[EXERCISE MATERIALS Boundary: Start]
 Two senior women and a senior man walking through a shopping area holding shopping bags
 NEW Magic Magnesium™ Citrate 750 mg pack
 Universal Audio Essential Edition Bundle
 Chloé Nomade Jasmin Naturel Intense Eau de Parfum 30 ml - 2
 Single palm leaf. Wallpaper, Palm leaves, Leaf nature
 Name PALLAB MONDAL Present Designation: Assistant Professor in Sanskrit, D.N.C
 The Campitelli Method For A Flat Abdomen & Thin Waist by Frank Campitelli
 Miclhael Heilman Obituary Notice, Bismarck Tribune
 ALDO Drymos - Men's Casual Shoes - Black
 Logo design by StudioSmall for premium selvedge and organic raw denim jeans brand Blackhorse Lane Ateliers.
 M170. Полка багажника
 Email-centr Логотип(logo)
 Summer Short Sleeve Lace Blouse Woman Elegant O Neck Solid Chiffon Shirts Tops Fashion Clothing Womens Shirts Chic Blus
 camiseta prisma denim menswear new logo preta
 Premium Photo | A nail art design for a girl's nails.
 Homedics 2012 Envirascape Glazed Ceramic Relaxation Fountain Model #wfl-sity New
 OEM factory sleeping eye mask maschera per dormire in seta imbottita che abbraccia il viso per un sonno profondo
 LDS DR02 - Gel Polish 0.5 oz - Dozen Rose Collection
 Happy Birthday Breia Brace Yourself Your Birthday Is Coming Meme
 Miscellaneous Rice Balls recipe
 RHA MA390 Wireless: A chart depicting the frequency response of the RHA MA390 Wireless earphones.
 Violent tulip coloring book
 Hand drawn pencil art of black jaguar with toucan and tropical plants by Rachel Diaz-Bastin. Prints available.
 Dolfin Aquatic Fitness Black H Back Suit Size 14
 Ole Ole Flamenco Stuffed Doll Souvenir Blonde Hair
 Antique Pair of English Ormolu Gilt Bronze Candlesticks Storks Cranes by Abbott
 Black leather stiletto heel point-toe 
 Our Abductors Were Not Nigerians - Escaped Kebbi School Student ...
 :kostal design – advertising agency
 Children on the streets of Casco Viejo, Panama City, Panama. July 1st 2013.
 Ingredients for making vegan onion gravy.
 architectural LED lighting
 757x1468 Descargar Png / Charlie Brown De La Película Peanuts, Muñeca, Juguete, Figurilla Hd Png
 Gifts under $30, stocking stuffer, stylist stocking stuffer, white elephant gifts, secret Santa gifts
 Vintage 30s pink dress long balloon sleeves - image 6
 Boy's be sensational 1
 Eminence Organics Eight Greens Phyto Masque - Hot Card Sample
[EXERCISE MATERIALS Boundary: End]
Set down, exactly as they appear above, all lines from the one that has "Chloé Nomade Jasmin" down to the one that has "Happy Birthday Breia", including those two and no others.

 Chloé Nomade Jasmin Naturel Intense Eau de Parfum 30 ml - 2
 Single palm leaf. Wallpaper, Palm leaves, Leaf nature
 Name PALLAB MONDAL Present Designation: Assistant Professor in Sanskrit, D.N.C
 The Campitelli Method For A Flat Abdomen & Thin Waist by Frank Campitelli
 Miclhael Heilman Obituary Notice, Bismarck Tribune
 ALDO Drymos - Men's Casual Shoes - Black
 Logo design by StudioSmall for premium selvedge and organic raw denim jeans brand Blackhorse Lane Ateliers.
 M170. Полка багажника
 Email-centr Логотип(logo)
 Summer Short Sleeve Lace Blouse Woman Elegant O Neck Solid Chiffon Shirts Tops Fashion Clothing Womens Shirts Chic Blus
 camiseta prisma denim menswear new logo preta
 Premium Photo | A nail art design for a girl's nails.
 Homedics 2012 Envirascape Glazed Ceramic Relaxation Fountain Model #wfl-sity New
 OEM factory sleeping eye mask maschera per dormire in seta imbottita che abbraccia il viso per un sonno profondo
 LDS DR02 - Gel Polish 0.5 oz - Dozen Rose Collection
 Happy Birthday Breia Brace Yourself Your Birthday Is Coming Meme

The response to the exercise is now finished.